• [EXERCISE DETAILS] Return the lines below in which the string "people" occurs.

• [Records from a dataset]
++++++++++

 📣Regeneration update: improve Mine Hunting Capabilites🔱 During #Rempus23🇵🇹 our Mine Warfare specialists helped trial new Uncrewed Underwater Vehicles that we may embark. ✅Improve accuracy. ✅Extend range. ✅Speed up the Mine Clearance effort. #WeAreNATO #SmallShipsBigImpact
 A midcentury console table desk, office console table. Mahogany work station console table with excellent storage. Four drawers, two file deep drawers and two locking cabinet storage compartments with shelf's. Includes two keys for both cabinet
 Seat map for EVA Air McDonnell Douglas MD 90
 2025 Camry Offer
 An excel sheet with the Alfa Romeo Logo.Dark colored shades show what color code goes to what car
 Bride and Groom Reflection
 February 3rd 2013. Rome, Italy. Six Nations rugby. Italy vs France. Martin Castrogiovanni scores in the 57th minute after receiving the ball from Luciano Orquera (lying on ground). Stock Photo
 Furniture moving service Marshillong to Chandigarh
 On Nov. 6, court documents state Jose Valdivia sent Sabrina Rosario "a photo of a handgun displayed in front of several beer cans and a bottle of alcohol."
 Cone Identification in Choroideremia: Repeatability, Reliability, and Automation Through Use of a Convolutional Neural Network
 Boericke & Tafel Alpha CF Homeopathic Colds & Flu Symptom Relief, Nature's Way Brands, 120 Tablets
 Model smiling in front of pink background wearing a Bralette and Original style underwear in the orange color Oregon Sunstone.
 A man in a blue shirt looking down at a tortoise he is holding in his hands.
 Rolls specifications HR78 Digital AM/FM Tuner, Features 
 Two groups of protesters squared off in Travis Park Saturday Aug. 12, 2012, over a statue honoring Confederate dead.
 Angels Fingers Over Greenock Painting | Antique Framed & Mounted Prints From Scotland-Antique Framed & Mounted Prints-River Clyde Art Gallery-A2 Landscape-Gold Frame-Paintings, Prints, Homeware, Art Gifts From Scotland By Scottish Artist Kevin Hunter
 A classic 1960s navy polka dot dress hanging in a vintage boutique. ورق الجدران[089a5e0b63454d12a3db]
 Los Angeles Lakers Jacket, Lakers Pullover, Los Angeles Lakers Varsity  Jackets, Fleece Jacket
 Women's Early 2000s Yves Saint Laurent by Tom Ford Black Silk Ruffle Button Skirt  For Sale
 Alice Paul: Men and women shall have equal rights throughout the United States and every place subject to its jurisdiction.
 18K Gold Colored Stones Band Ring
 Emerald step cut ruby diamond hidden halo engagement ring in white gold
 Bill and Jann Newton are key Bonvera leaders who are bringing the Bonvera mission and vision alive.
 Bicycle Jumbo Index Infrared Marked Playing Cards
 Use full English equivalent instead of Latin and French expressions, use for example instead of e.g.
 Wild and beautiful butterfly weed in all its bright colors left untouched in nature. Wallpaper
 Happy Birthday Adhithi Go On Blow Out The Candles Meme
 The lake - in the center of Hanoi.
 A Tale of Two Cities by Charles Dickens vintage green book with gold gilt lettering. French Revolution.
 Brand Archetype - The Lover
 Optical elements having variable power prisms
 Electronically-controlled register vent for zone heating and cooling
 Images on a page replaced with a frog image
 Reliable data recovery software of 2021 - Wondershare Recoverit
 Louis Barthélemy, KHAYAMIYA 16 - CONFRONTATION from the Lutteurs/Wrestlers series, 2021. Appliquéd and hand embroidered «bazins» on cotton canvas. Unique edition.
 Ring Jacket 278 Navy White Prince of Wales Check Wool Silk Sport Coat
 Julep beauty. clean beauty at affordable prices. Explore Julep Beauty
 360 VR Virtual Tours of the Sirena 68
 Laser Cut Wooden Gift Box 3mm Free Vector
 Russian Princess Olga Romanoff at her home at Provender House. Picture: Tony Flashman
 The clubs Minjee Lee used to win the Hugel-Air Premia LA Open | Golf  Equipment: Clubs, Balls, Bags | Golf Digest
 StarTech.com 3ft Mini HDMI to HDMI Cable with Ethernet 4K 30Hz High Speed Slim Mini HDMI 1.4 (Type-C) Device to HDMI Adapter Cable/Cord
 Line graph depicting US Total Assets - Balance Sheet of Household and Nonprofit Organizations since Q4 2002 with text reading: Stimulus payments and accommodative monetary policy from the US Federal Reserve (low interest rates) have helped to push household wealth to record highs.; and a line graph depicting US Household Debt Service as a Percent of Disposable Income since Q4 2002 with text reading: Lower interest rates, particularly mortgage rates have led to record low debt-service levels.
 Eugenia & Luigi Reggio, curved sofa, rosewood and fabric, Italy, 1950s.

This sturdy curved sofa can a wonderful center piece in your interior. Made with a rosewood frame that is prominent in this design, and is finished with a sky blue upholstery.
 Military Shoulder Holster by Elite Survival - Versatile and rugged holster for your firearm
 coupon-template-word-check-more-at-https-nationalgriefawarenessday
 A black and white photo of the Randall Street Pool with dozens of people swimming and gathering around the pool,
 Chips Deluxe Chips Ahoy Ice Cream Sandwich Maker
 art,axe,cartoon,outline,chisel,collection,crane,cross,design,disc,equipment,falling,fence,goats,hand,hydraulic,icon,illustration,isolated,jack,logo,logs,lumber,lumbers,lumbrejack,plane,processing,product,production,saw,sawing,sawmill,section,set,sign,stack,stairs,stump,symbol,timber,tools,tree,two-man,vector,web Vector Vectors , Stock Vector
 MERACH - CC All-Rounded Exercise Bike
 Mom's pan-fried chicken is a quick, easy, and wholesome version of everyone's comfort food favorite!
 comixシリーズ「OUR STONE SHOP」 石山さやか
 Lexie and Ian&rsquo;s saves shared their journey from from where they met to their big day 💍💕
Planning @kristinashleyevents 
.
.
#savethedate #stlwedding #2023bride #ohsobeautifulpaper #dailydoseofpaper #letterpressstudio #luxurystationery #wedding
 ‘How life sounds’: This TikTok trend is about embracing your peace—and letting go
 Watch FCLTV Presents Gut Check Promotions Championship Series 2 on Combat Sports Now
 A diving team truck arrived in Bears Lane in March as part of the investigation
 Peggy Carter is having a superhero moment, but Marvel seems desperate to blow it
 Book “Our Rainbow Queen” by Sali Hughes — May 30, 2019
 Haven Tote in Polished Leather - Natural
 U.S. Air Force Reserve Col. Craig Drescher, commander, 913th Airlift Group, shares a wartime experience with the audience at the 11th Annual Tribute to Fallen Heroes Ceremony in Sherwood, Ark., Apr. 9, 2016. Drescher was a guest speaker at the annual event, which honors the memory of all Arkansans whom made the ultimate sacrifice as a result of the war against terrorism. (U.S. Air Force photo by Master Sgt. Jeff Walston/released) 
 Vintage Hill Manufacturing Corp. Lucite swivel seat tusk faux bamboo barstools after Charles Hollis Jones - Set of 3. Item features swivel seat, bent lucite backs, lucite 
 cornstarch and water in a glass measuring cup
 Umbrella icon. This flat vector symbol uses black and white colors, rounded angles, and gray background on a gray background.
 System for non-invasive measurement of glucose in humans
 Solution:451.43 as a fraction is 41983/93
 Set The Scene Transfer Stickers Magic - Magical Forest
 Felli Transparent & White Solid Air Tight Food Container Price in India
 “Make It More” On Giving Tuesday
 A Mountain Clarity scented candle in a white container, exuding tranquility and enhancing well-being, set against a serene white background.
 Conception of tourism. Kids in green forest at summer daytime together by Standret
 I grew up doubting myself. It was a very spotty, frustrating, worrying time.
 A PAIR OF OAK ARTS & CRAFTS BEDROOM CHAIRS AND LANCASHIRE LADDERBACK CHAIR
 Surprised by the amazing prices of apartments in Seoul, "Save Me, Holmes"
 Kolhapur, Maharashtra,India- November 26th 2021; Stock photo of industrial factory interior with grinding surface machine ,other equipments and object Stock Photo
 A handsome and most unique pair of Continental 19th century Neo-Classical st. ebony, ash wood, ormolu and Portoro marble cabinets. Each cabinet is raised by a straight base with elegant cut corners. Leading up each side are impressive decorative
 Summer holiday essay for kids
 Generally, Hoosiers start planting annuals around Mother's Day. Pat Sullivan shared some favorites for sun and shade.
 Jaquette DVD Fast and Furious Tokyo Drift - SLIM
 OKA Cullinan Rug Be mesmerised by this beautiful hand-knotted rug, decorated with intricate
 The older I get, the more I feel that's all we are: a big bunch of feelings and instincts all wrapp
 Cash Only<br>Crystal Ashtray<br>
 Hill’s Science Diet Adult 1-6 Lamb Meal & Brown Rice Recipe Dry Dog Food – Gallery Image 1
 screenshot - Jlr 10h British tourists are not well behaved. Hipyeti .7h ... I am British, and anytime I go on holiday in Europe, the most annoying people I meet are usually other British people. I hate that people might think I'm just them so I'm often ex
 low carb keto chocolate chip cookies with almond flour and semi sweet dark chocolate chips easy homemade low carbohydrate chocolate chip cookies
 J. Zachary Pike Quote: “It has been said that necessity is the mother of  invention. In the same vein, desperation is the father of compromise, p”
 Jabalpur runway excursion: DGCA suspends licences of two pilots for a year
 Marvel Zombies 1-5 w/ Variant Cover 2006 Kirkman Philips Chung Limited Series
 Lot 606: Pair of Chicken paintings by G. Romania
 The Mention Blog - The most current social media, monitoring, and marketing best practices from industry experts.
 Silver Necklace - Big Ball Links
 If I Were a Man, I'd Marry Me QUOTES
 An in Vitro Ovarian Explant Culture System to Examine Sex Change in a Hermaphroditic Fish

++++++++++

• [ANSWER BOX]
 A black and white photo of the Randall Street Pool with dozens of people swimming and gathering around the pool,
 screenshot - Jlr 10h British tourists are not well behaved. Hipyeti .7h ... I am British, and anytime I go on holiday in Europe, the most annoying people I meet are usually other British people. I hate that people might think I'm just them so I'm often ex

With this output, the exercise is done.